Search code examples
google-cloud-spanner

Updating column in large Spanner table with concurrent writes


I want to update a column in a large table (tens of millions of rows), without bringing our application down; i.e. there will be concurrent writes to the table. I want to do this in code (Java) since the update is non-trivial, and am wondering what the best way to do it is.

An efficient approach is to open a read transaction querying all rows, then loop over all these rows (resultSet.next()) while at the same time creating a series of read/write transactions with, say, 10,000 INSERT_OR_UPDATE mutations buffered in each transaction, containing the desired updates.

The problem is that this doesn't handle concurrent writes, since these steps can happen:

  1. The read transaction mentioned above reads row X
  2. Some separate transaction updates row X
  3. The read/write transaction mentioned above uses data from step 1 and overwrites the update from step 2

To fix this, I can read the value back during the read/write transaction and verify that it hasn't changed, similar to this example here, however this seems very slow (~50 ms per call, which translates to several weeks to update the whole table).

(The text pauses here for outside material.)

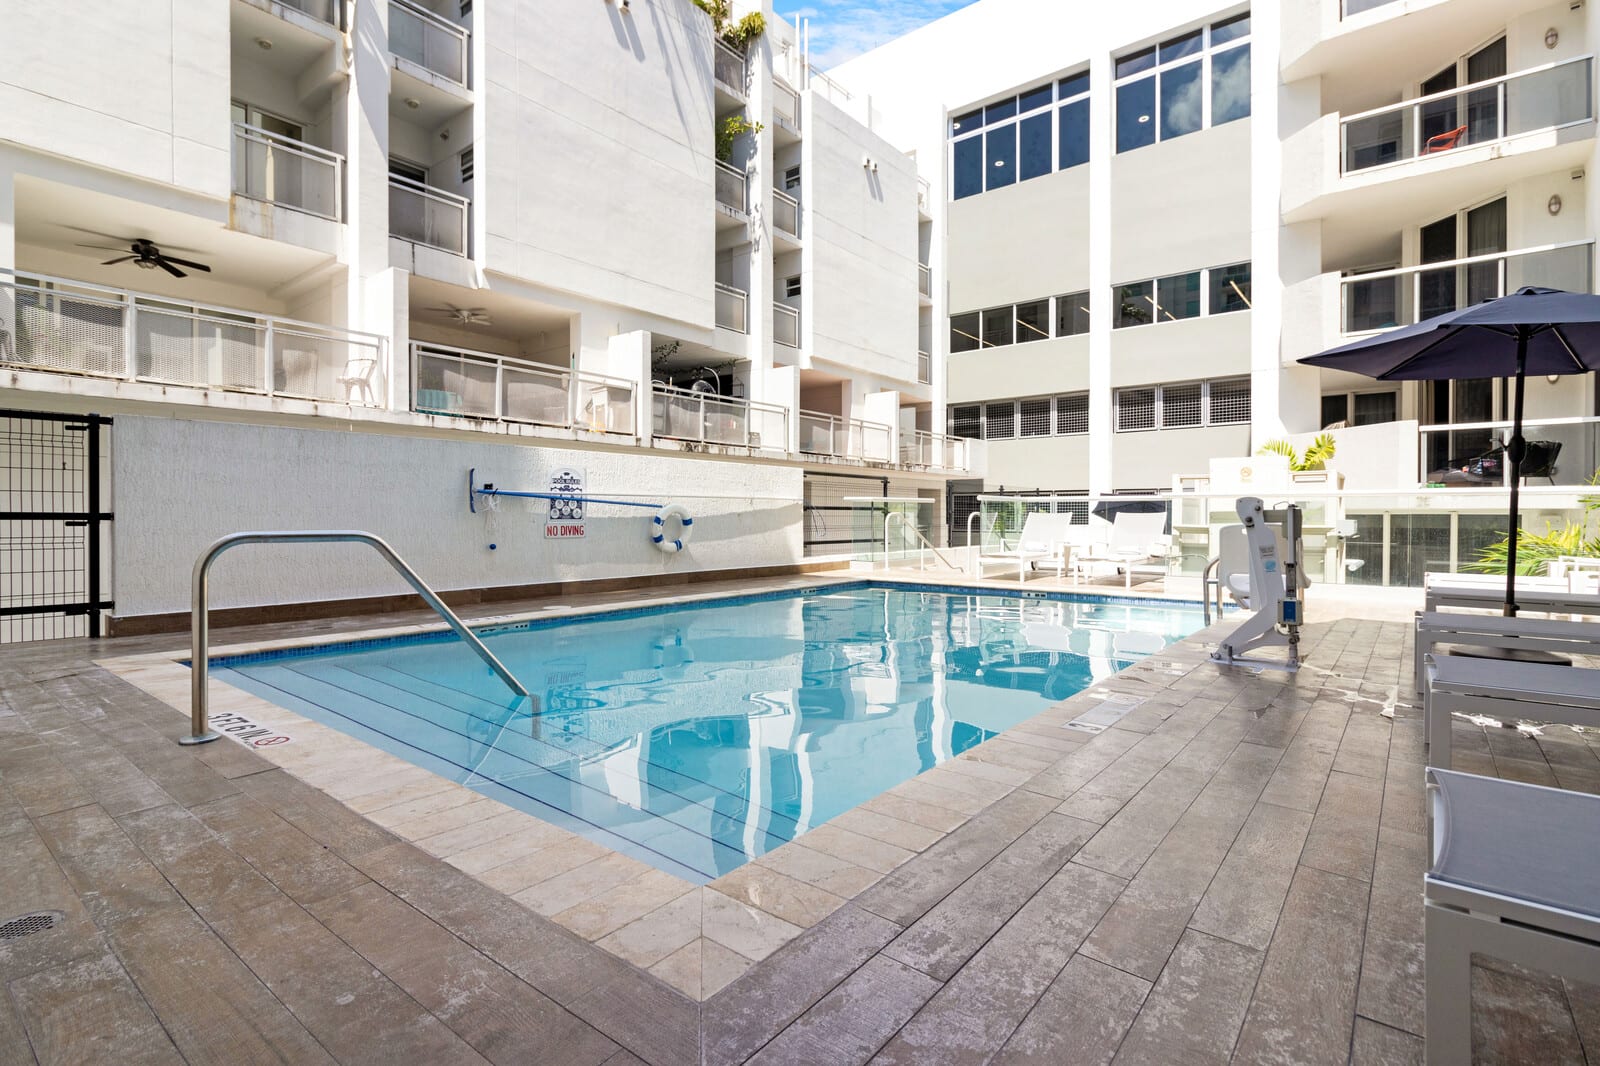 Property Image 2 - Property Manager | 10min to Beach | Pool + Balcony | Brickell

So how can I do this more efficiently? Thanks!


Solution

  • The best way to do that would be not to use a read-only transaction, but to start a read/write transaction for each batch of 10,000 records, read the values you want to update in this read/write transaction and then update these 10,000 records in the same read/write transaction. Repeat this until all records have been updated.

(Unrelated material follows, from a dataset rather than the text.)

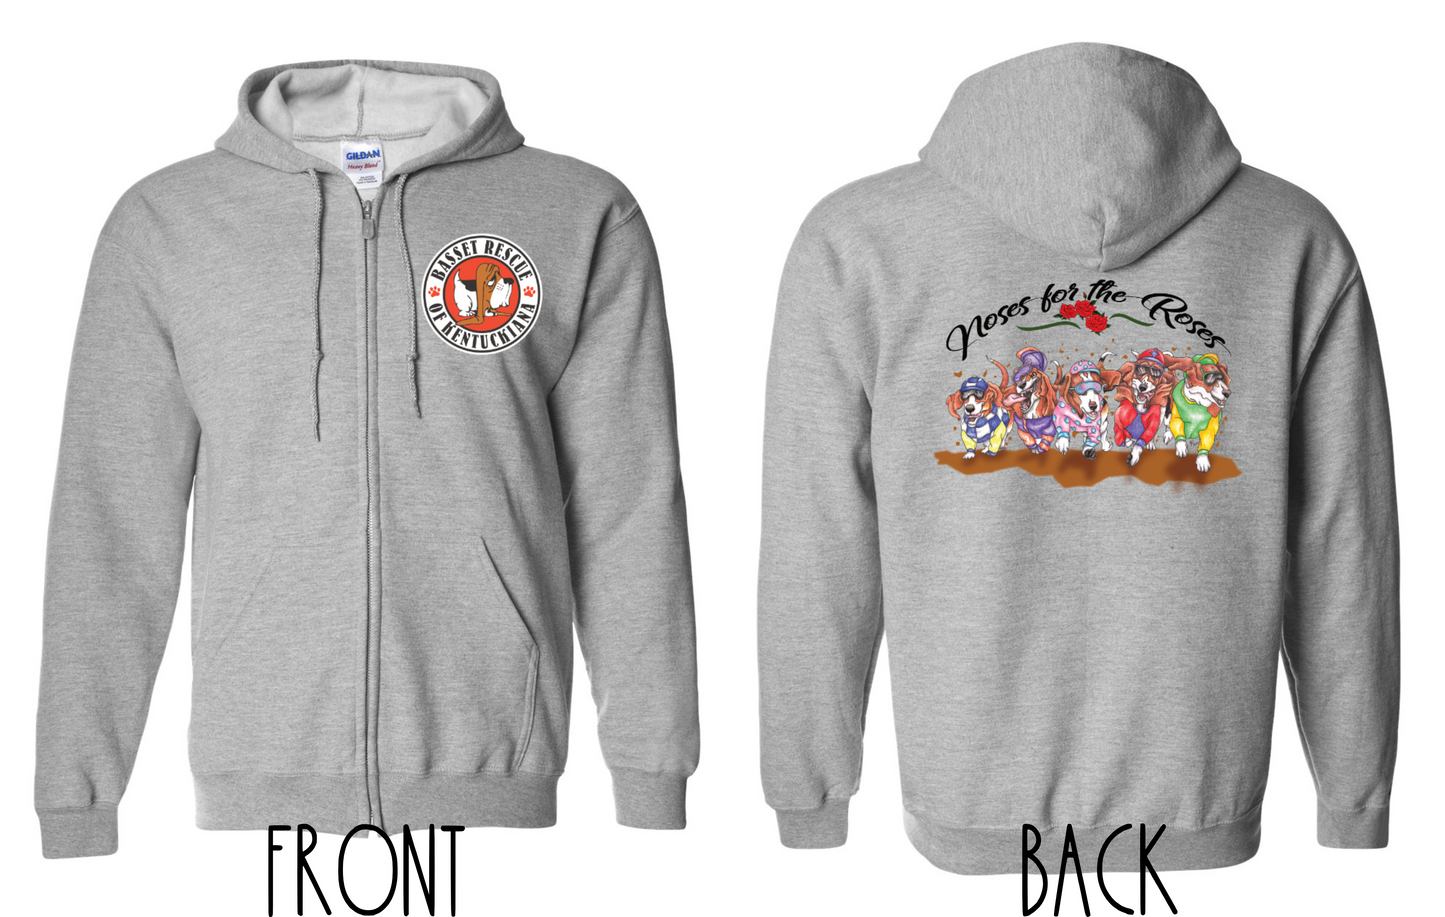 Noses for the Roses Zip Up Hoodies *3 COLORS*

    So something like this:

    1. Start read/write transaction
    2. Read a batch of 10,000 records. Make sure that the order of the records is consistent by ordering on the primary key or some other unique (combination of) column(s). Limit the results by using LIMIT and OFFSET, so you get a query like this SELECT * FROM SOME_TABLE WHERE KEY>=@start AND KEY<@end LIMIT 10000
    3. Update the records and commit the transaction.
    4. Repeat until all records have been updated.